Uncontested and lightly contested elections open legislators to the influence of lobbyists that
proliferate in Congress, state legislatures, and local governing bodies. In 2016, more than eleven
thousand registered lobbyists plied their trade in Washington, most of them representing
business interests. Nineteen of the top twenty spenders on lobbying in 2017 were business
associations or major corporations like AT&T and Boeing. Heading the list with a combined
spending of $164 million were the U.S. Chamber of Commerce, the National Association of
Realtors, and the Business Roundtable. Adding to the total of registered lobbyists were at least
an equal number of unregistered “shadow lobbyists.” Although comparable data is hard to
compile, much larger numbers of lobbyists are likely active in state and local governments. John
Delaney, a successful businessman who won a Maryland seat in Congress, warned that
“representative democracy is in crisis in the United States. . . Our electoral process has created
perverse incentives that have warped our democracy and empowered special interests and a
vocal minority.”
A shattering study by political science professors Martin Gilens of Princeton University and
Benjamin Page of Northwestern University validated Delaney’s warning. They found that
wealthy interests seeking profit, power, and control significantly shape policy outcomes in the
United States. The analysts found that when controlling for the power of economic elites and
organized interest groups, the influence of ordinary Americans registers at a “non-significant,
near-zero level.” They found that the policy preferences of business and the rich often sharply
diverge from those of ordinary citizens, and when they do, the economic elites and business
interests almost always win. An expanded suffrage might not break the golden rule of politics—
those who have the gold rule—but it would serve as an important corrective.

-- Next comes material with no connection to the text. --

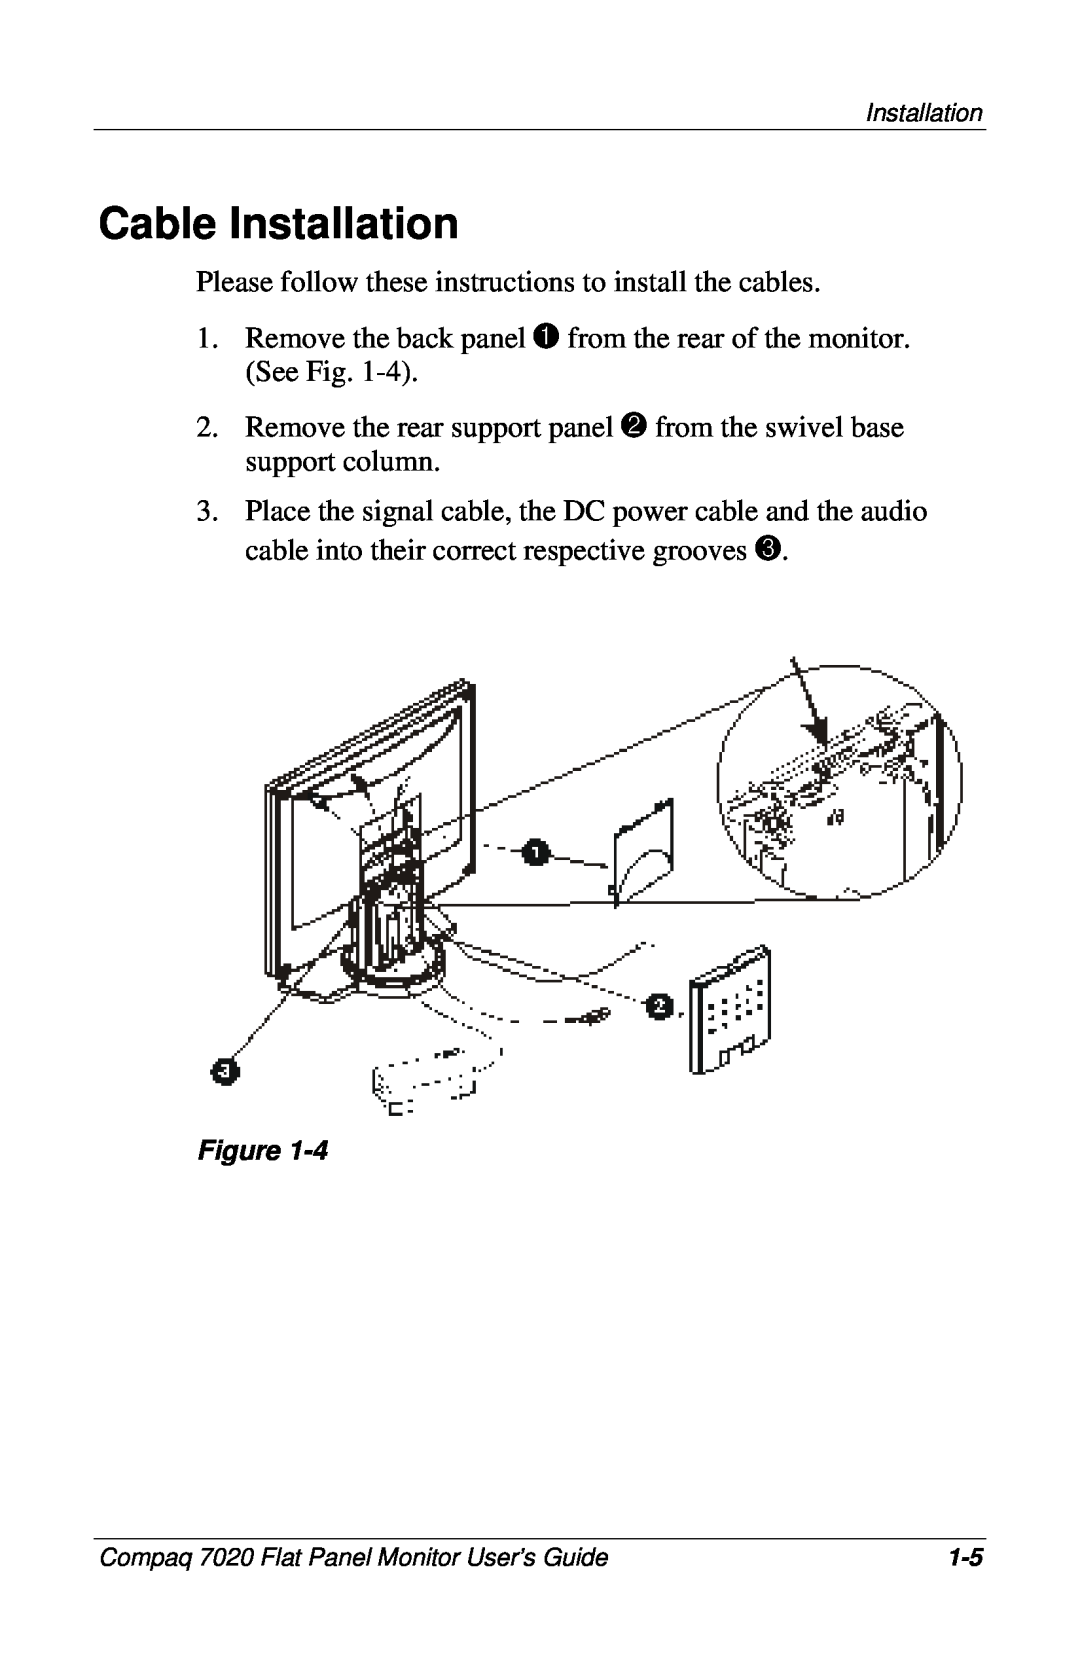 Compaq 7020 manual Cable Installation, Please follow these instructions to install the cables

Without electoral reform, voter turnout will continue to stagnate in the United States, and a
small minority of the nation’s citizens will nominate and elect the public officials who govern the
nation. Changes in electoral laws and regulations are not a magic wand for raising turnout, but
they do matter, as shown by the experiences of high-turnout nations. According to data
compiled for 2016 by the U.S. Census Bureau’s Current Population Survey, 15 percent of
respondents reported that they could not vote because they were unregistered, and another 15
percent were not asked, responded “did not know,” or refused to answer the question.